The first book I read about Japanese American history was Roger Daniels’ book, “The Politics of Prejudice.” It was 1966 and, in my research as a college freshman, it was the rare book on JA history, one that began Roger’s long and illustrious career as a historian documenting the story of JAs and the wartime incarceration. Over the next half century, Roger’s scholarship was the bedrock of JA historical research.
It wasn’t until February 2010 that we met, at a three-day Tule Lake planning meeting in Oakland, organized by the National Park Service (NPS). Participants included NPS staff, Tule Lake Committee representatives, and historians Don Hata and Roger Daniels. Our task was to create the foundational documents to guide NPS’ interpretation of the new site, then called the Tule Lake unit, which was renamed the Tule Lake National Monument in 2019.

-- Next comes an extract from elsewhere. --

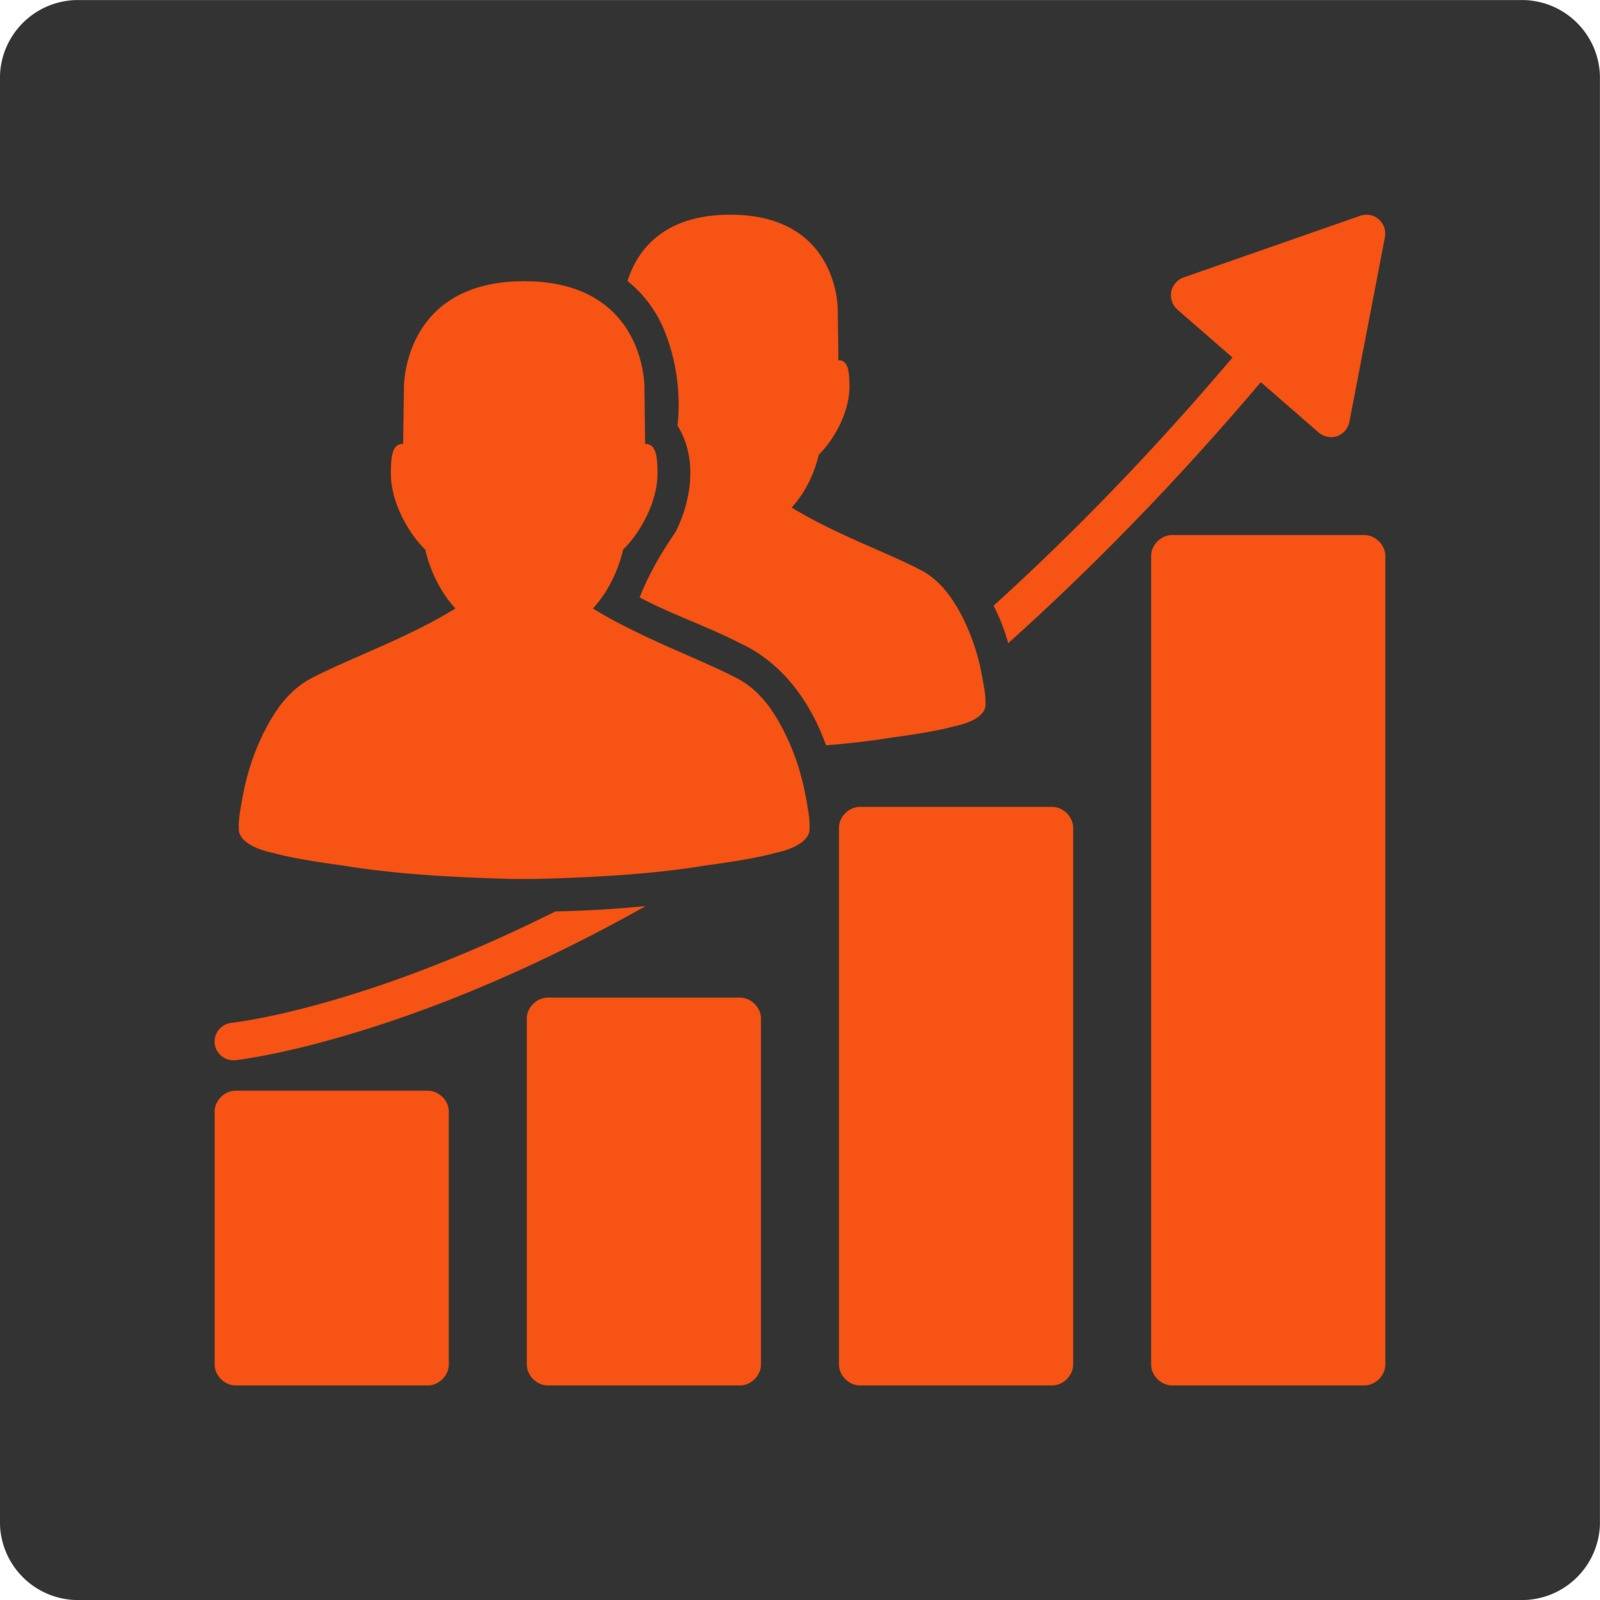 Audience Growth vector icon. This flat rounded square button uses orange and gray colors and isolated on a white background.

As a writer and researcher consumed by Tule Lake and its stories of protest, I looked forward to working with NPS and the legendary Roger Daniels, who I assumed would have a nuanced view of Tule Lake’s long-demonized protesters, individuals who took enormous risks to speak out against the government’s injustice. However, from the beginning, rather than a meeting filled with affinity and rapport, I was alarmed to find myself in multiple arguments with Roger over his characterizations of events at Tule Lake.
During an afternoon break as we stood in a coffee queue, he expressed his views on Tule Lake’s dissidents.
“There were no heroes,” he snarled, “Don’t romanticize the story.” Regarding the protests at Tule Lake, “This is not about civil rights.”
I left Oakland fuming about Roger’s involvement in planning the interpretation for Tule Lake. And, I worried about us arguing about Tule Lake’s protesters being defined as “disloyal” because they challenged the government’s abuses. I feared the revered professor would be our biggest adversary in trying to strip away government propaganda and racial stereotypes warping how we think about Tule Lake’s dissidents.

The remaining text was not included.